给定一个大小为N的数组arr[]和一个整数K ,任务是找到D的最大可能值,这样每个数组元素都可以从K的初始值开始,通过将K更改为K – D或K + D在每一步。
例子:
Input: arr[ ] = {1, 7, 11}, K = 3
Output: 2
Explanation:
Considering the value of D to be 2, every array element can be obtained by the following operations:
- arr[0](= 1): Decrementing 2 from K(=3) obtains arr[0].

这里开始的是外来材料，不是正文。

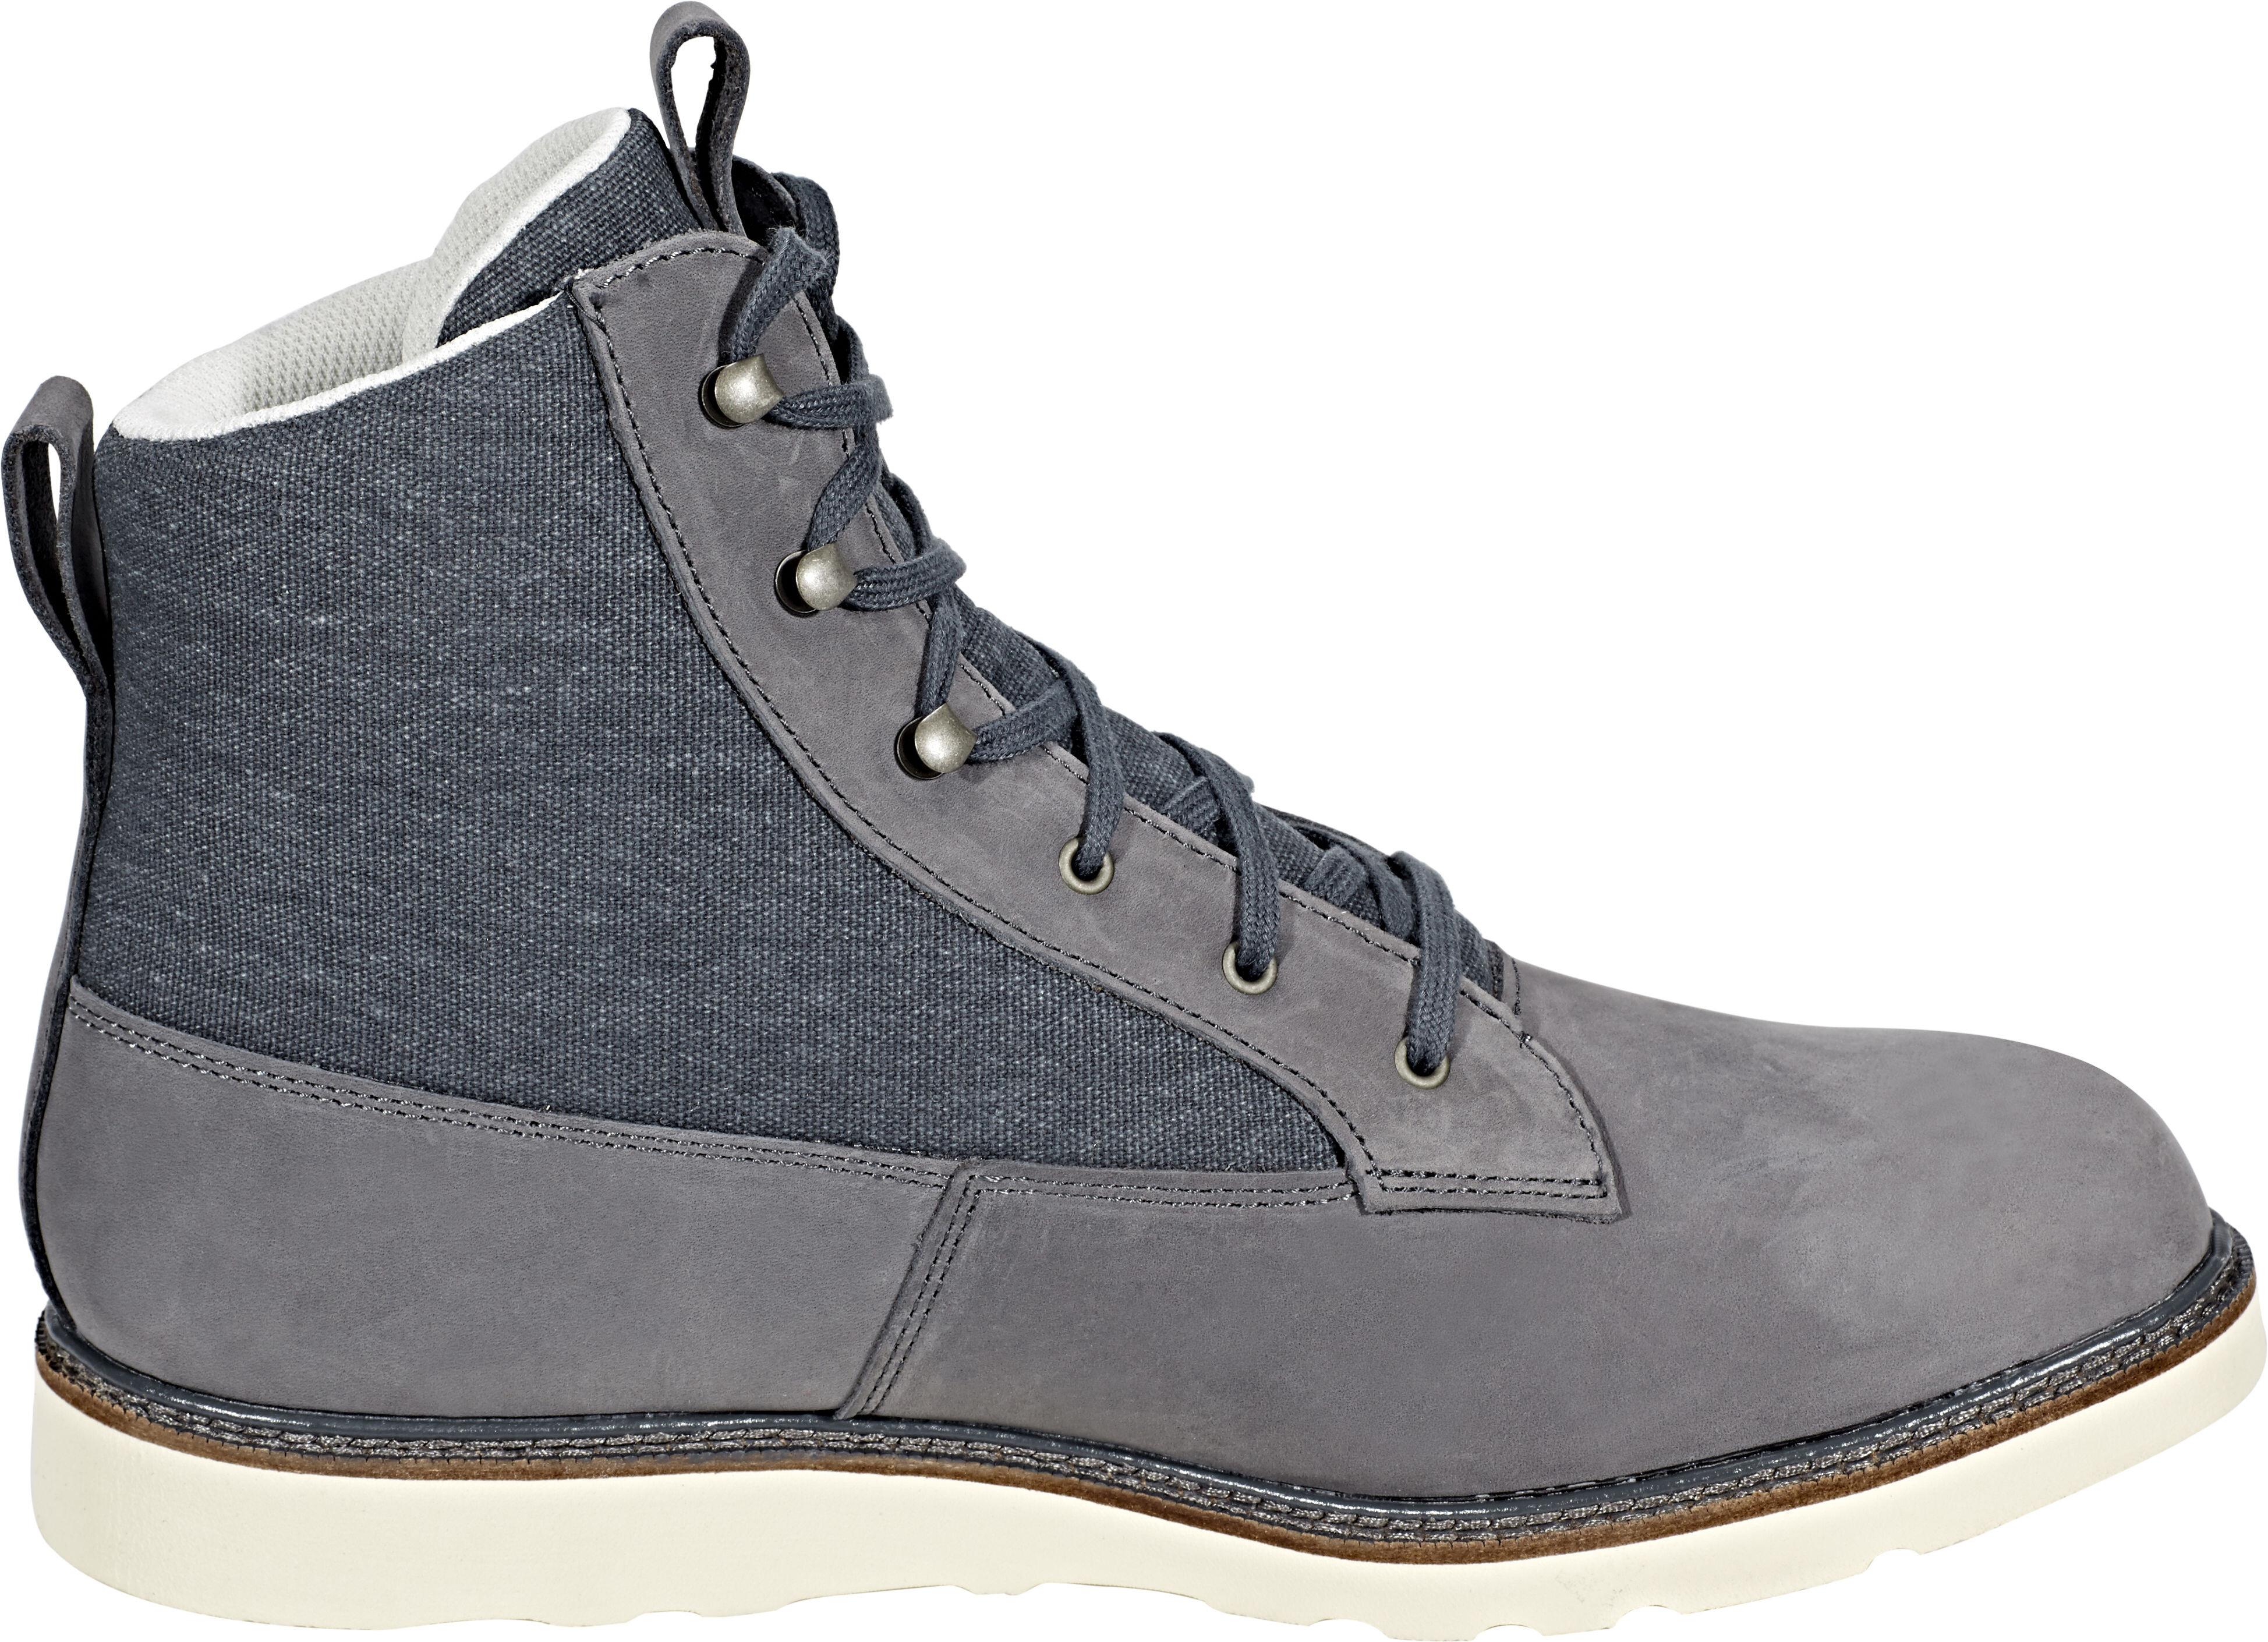 97860ff3b8c332 Dachstein Andi DDS Shoes Men graphite ebony

- arr[1](= 7): Incrementing K(=3) by 2 times D obtains arr[1].
- arr[2](= 11): Incrementing K(=3) by 4 times D obtains arr[2].
Therefore, D (=2) satisfies the conditions. Also, it is the maximum possible value of D.
Input: arr[ ] = {33, 105, 57}, K = 81
Output: 24
方法:这个问题可以通过找到最大公约数来解决 每个数组元素与K之间的绝对差异。按照以下步骤解决问题
- 遍历数组arr[],将当前元素arr[i]的值改为abs(arr[i] – K) 。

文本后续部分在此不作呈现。